US sanctions Iranian officials over protest crackdown, IRGC funding
The Treasury Department also blacklisted an investor accused of embezzling billions of dollars in Iranian oil revenue.
WASHINGTON — The US Treasury Department on Friday imposed sanctions on a group of six Iranian officials it said were responsible for this month’s violent crackdown on anti-government protesters.
The move comes as President Donald Trump weighs military action against Iran after mass protests left thousands dead at the hands of Iranian security forces. The New York Times reported on Friday that the Pentagon has presented Trump with options that include US forces carrying out raids on sites inside Iran.
The targets included Iranian Interior Minister Eskandar Momeni Kalagari, who oversees the country’s Law Enforcement Forces, Majid Khademi, head of the Islamic Revolutionary Guard Corps' Intelligence Organization and Ghorban Mohammad Valizadeh, the commander of the IRGC’s Seyyad al-Shohada Corps in Tehran province.
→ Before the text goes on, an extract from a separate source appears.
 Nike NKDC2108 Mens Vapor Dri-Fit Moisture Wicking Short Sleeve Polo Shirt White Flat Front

The sanctions follow the European Union’s decision Thursday to label the IRGC as a terrorist group. Trump designated the entity as a foreign terrorist organization in his first term.
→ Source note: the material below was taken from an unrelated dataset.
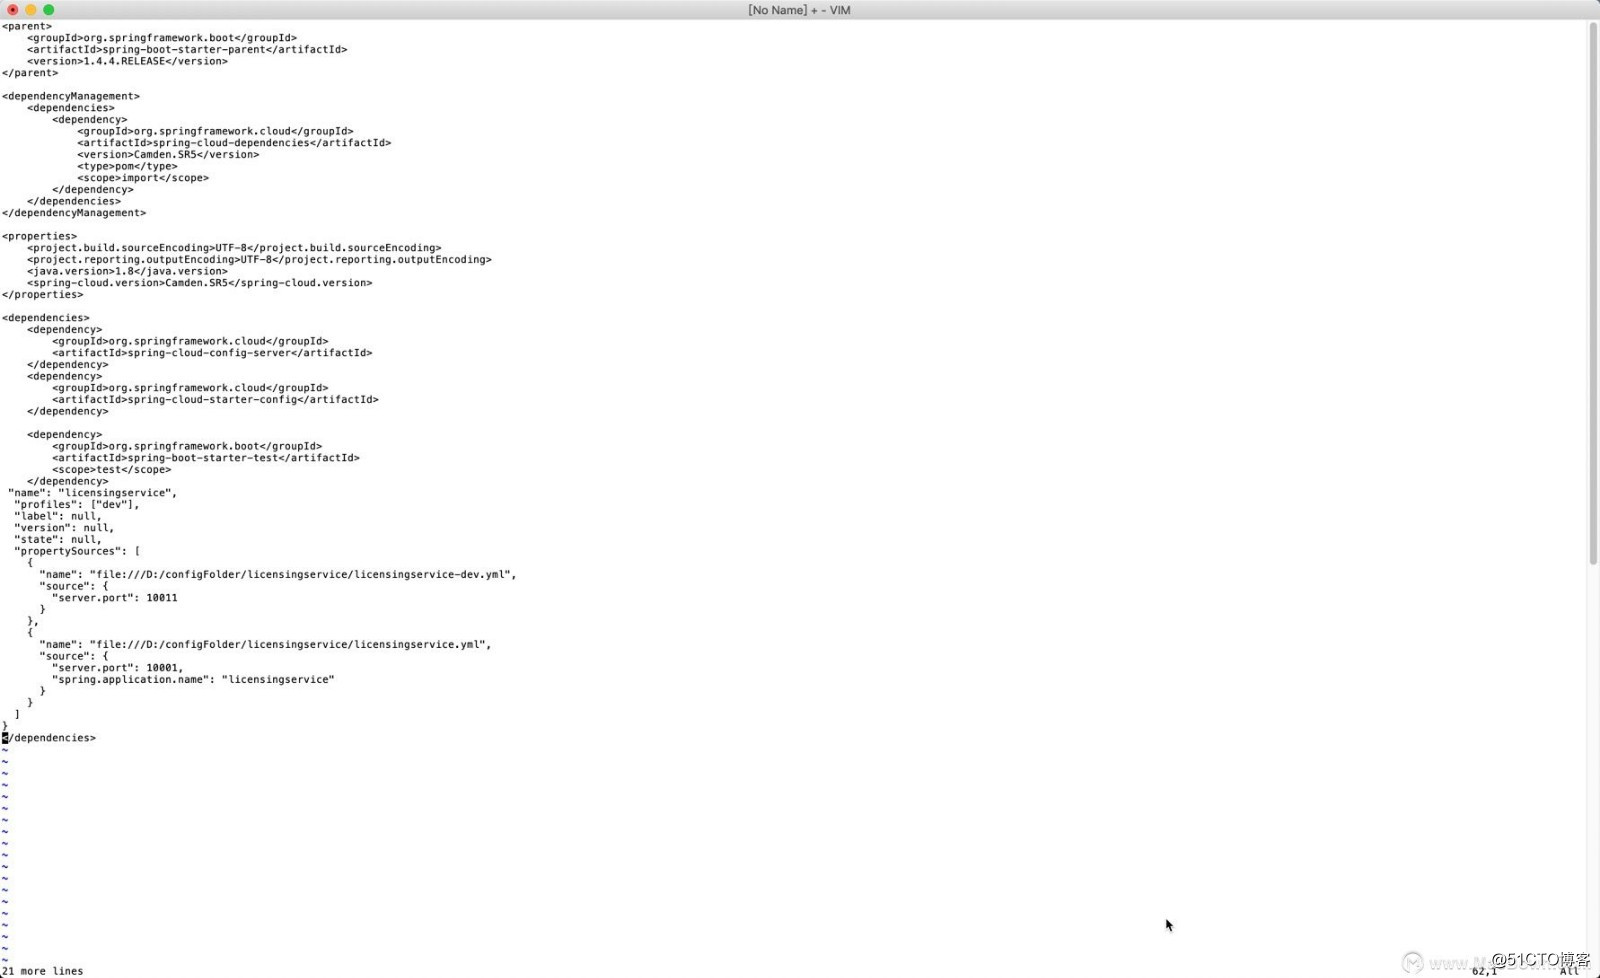 MacVim for Mac (text editor)

Also blacklisted was Babak Morteza Zanjani, whom the Treasury describes as a criminal Iranian investor who previously embezzled billions of dollars in Iranian oil revenue and has provided financial backing for the regime and the IRGC. The department designated two UK-registered digital asset exchanges that are connected to Zanjani and have allegedly processed funds for wallets linked to the IRGC.
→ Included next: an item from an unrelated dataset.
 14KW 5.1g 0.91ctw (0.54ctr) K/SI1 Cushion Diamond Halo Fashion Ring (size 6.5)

“Like rats on a sinking ship, the regime is frantically wiring funds stolen from Iranian families to banks and financial institutions around the world,” Treasury Secretary Scott Bessent said in a statement. “Rest assured, Treasury will act.”
The protest movement began in Tehran’s central bazaar over economic grievances in late December and spread to all of Iran’s 31 provinces before it was violently crushed under an internet blackout.
This developing story has been updated since initial publication.